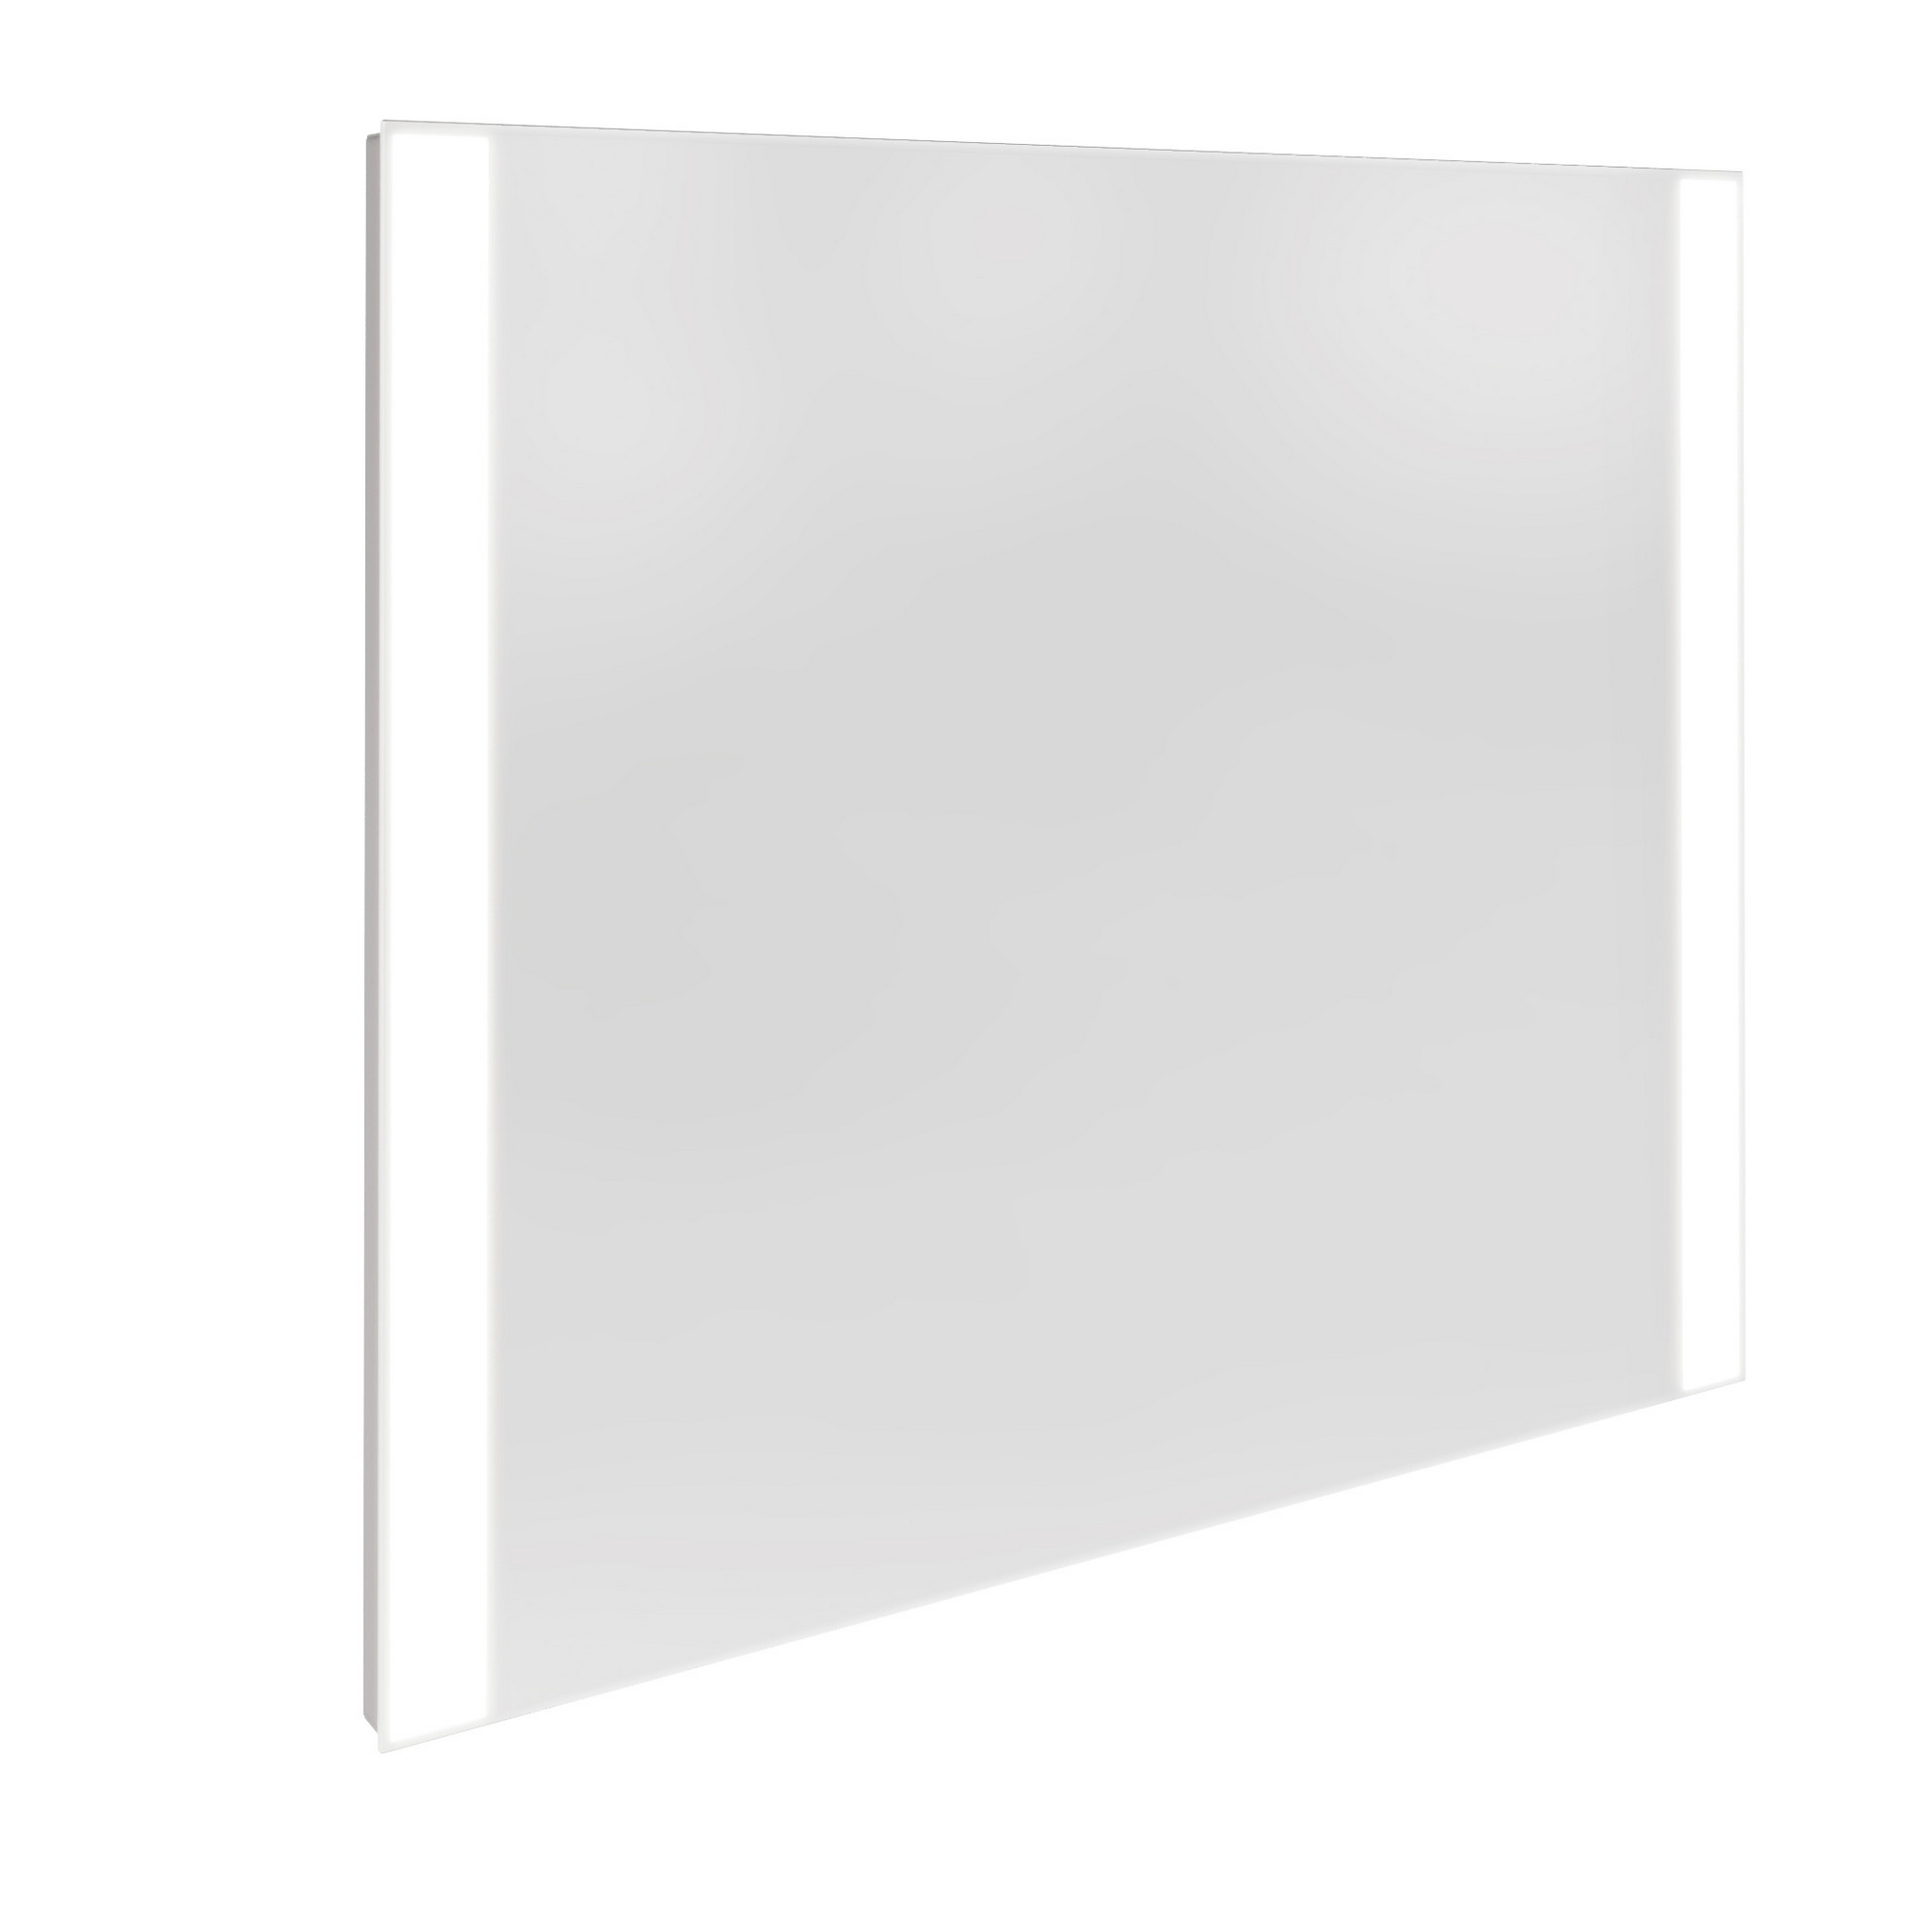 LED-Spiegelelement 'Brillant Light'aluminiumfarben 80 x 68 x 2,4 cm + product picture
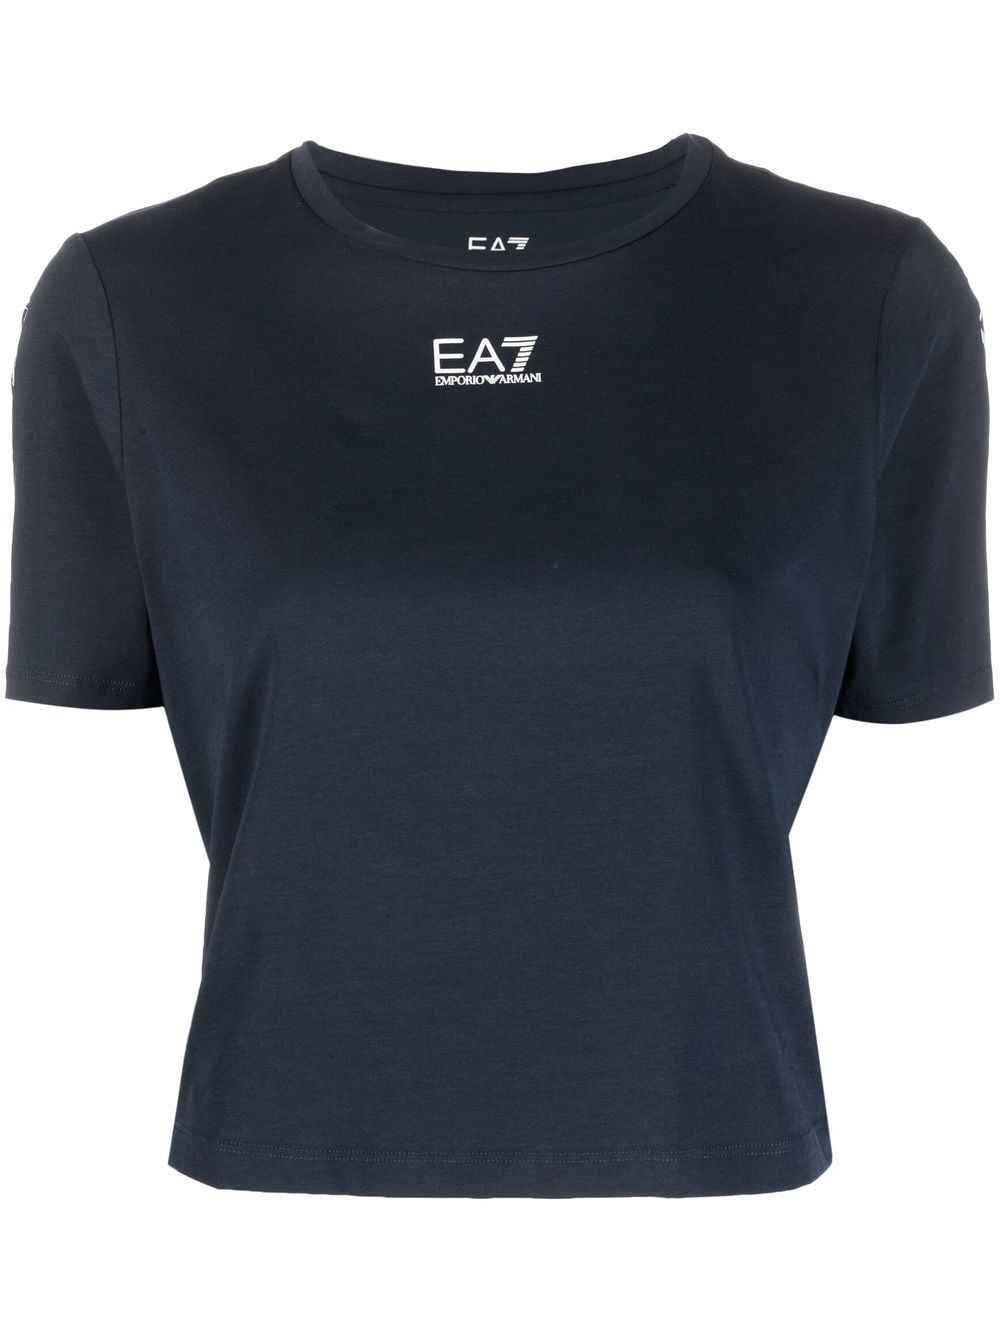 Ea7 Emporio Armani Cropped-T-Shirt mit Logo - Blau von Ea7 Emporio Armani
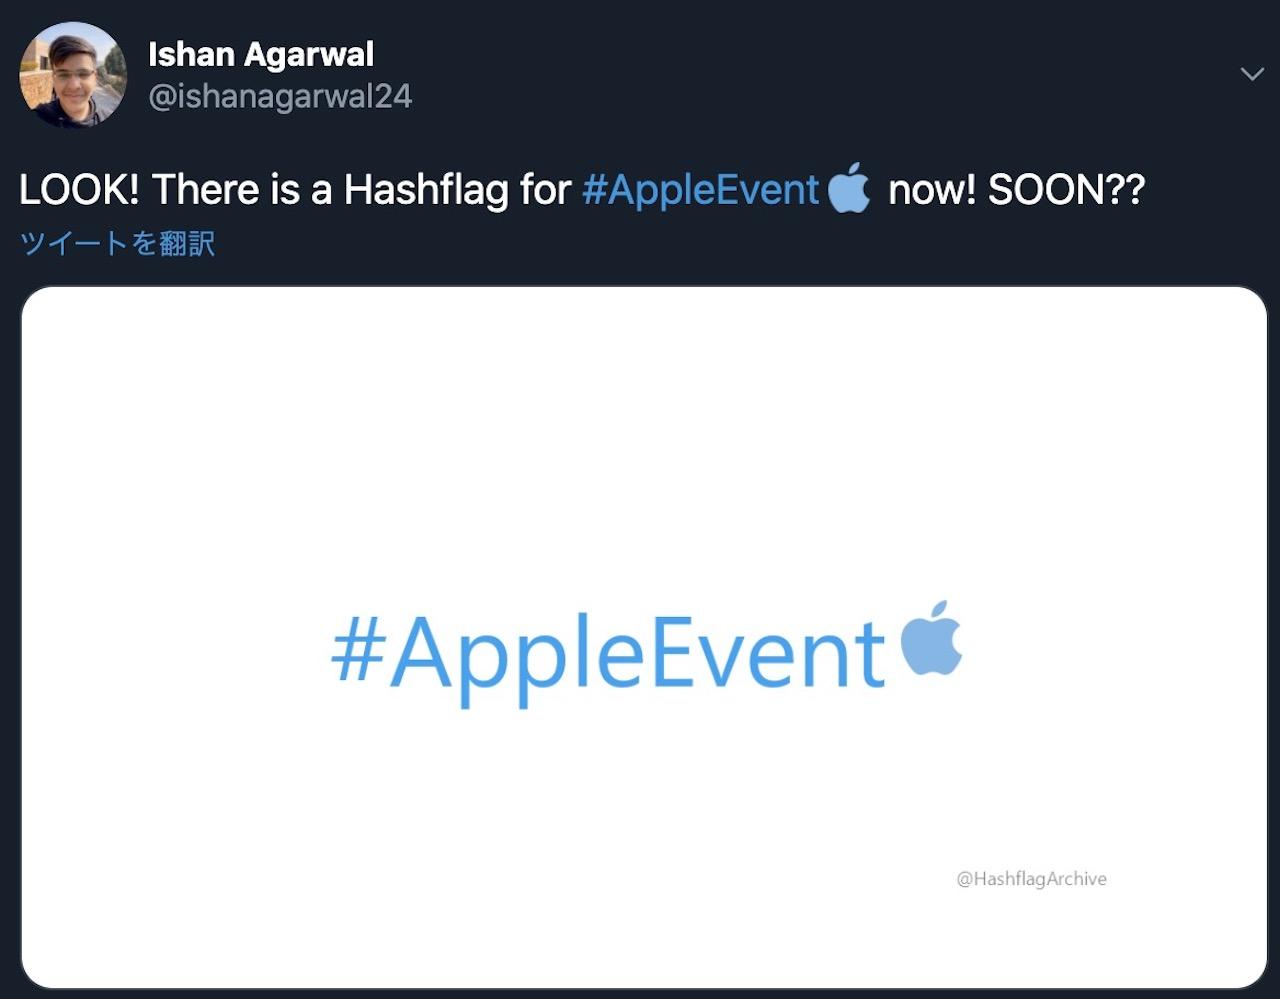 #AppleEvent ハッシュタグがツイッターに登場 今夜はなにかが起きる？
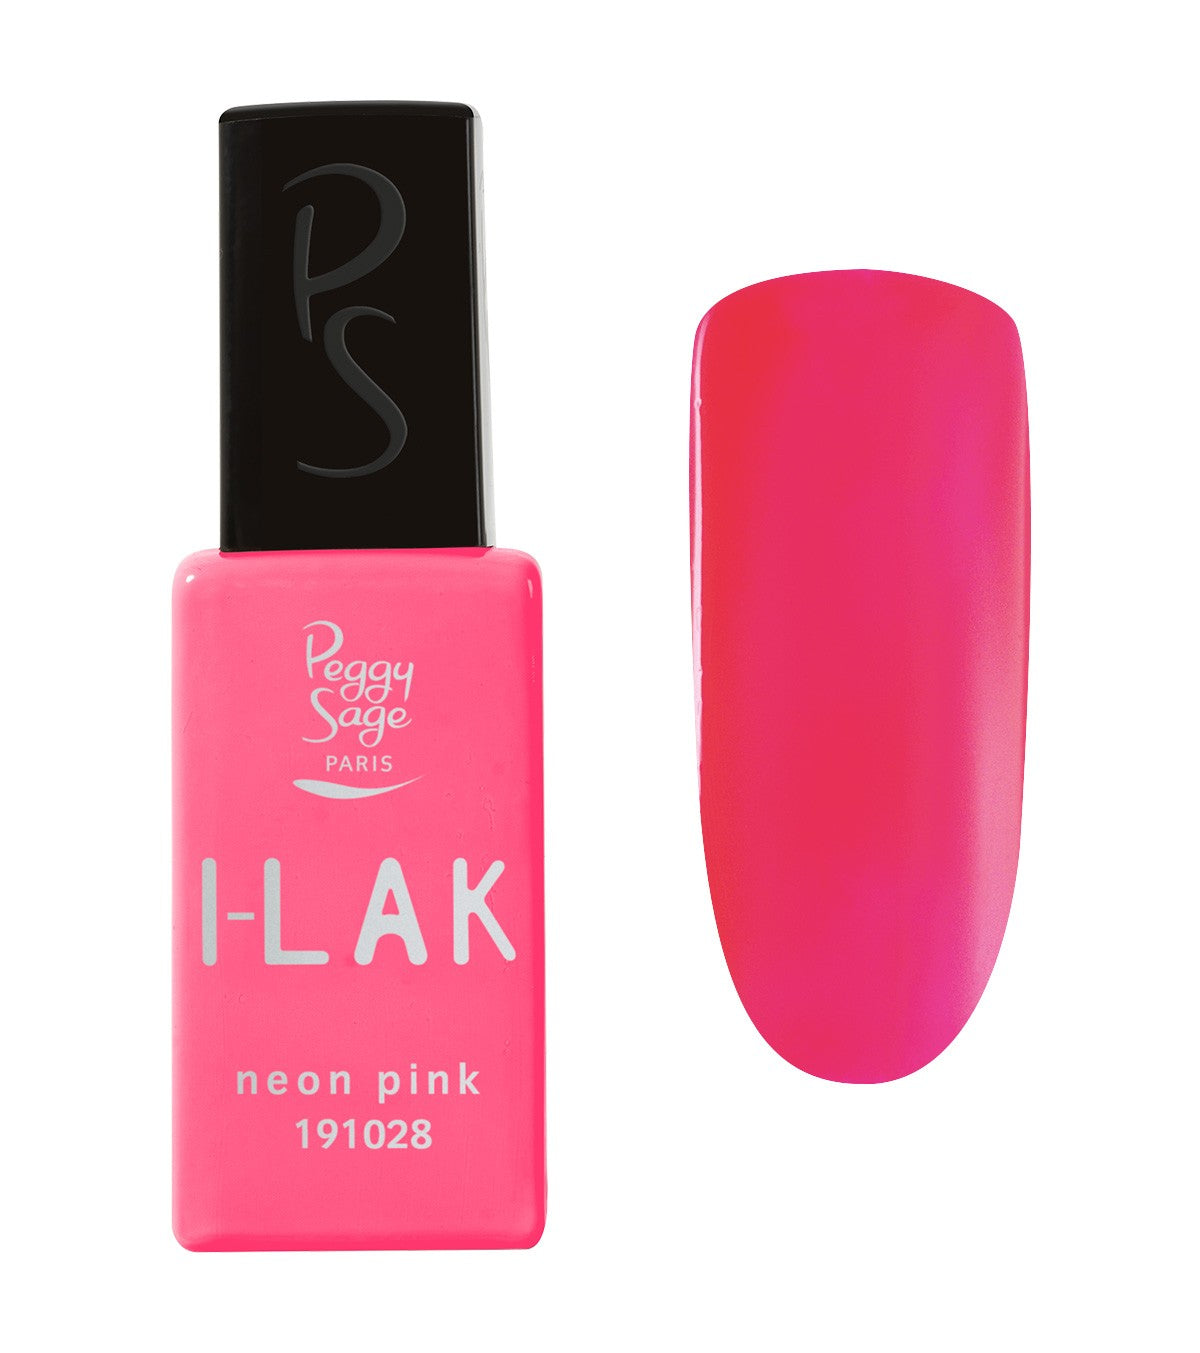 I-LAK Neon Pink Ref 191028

:::::

TASK TO CARRY OUT: For each line above, output its wording exactly and leave out any picture.

EXERCISE ANSWER:
 LED-Spiegelelement 'Brillant Light'aluminiumfarben 80 x 68 x 2,4 cm + product picture
 Ea7 Emporio Armani Cropped-T-Shirt mit Logo - Blau von Ea7 Emporio Armani
 #AppleEvent ハッシュタグがツイッターに登場 今夜はなにかが起きる？
 I-LAK Neon Pink Ref 191028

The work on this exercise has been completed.